In reality though, it might prove a tad dangerous, especially for those with some balance problems. Maybe just a single swiffer slipper?


----------



## BobnDejasMom (Jun 2, 2011)

Jessica-Jean said:


> beverlyfarmboy said:
> 
> 
> > maybe just make swiffer slippers???? then you can dust as you scuff around the house???? JUST A THOUGHT :idea:
> ...


You're right. I saw some of those slippers in Walmart. The package said something about not to be worn if you did not have good balance. I put them back on the display. I've already had 3 hip replacements and now I have a knee that's worn out.


----------



## beverlyfarmboy (Feb 20, 2011)

come to think of it, my wife bought some from Walmart for a Yankee Swap a couple of years ago. But i hadn't thought about the balance issue.
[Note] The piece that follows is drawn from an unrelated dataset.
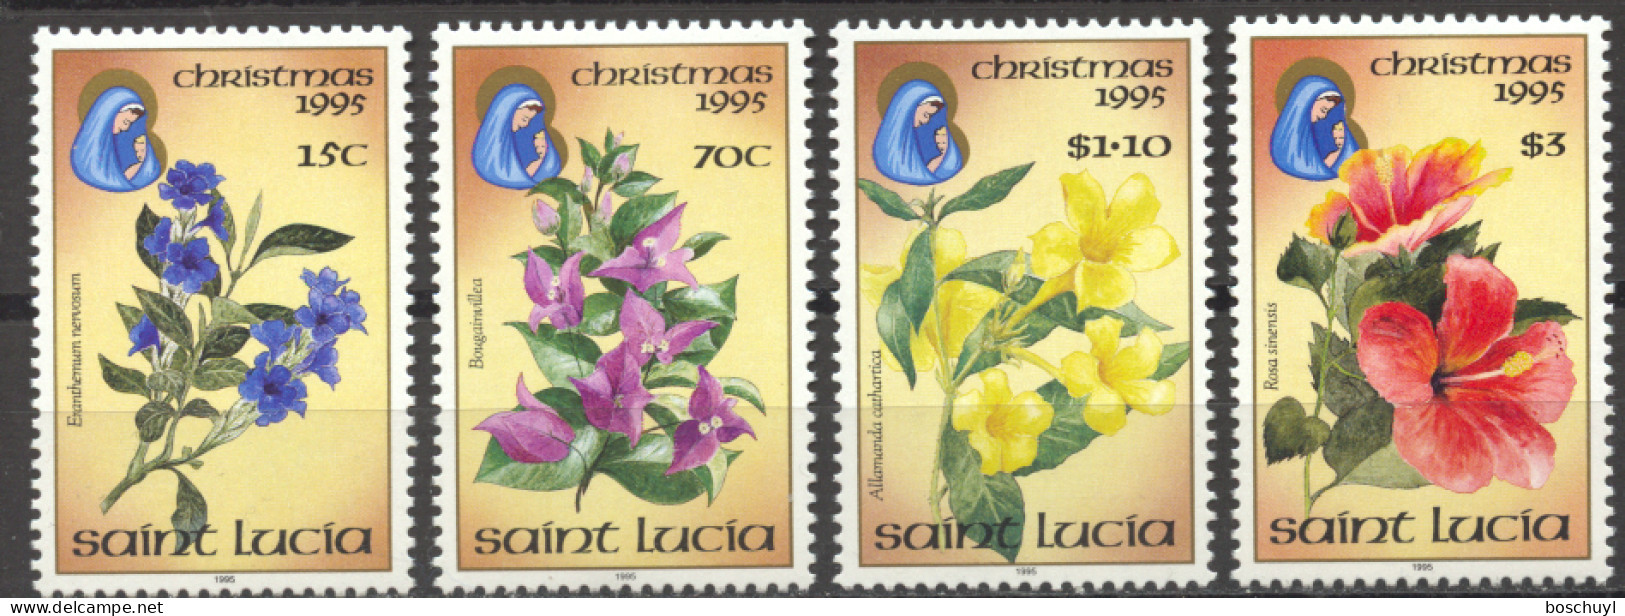 St Lucia, 1995, Christmas, Flowers, Flora, Nature, MNH, Michel 1037-1040 - St.Lucia (1979-...)

I certainly think putting a very slippery foot gear on could be risky!


----------



## Jessica-Jean (Mar 14, 2011)

Mental picture:
elderly person on Swiffer slippers also wearing 
a bicycle helmet, 
the shoulder pads of an American football player,
elbow/wrist/knee pads (designed for in-line skaters), and
ice-hockey pants with the built-in pads for hips!!!


----------



## BobnDejasMom (Jun 2, 2011)

Jessica-Jean said:


> Mental picture:
> elderly person on Swiffer slippers also wearing
> a bicycle helmet,
> the shoulder pads of an American football player,
> ...


Too funny.

I once took the advice of a friend and put a coat of Armour-All on my bathroom floor. I got up during the night in stocking feet. I slid so hard and fast... I had a huge bump on my head, hurt my back and arm, and could barely get back in bed I was in so much pain. It hurt for days.


----------



## Jessica-Jean (Mar 14, 2011)

Ouch! _Major_ ouchies!

Hmm ... maybe that's why my grandmother (She who raised me) would never allow me to wear socks to sleep, no matter how frigid my feet were. The bedroom floor had a few scatter rugs, but more bare wood than covered. Never occurred to me before now.


----------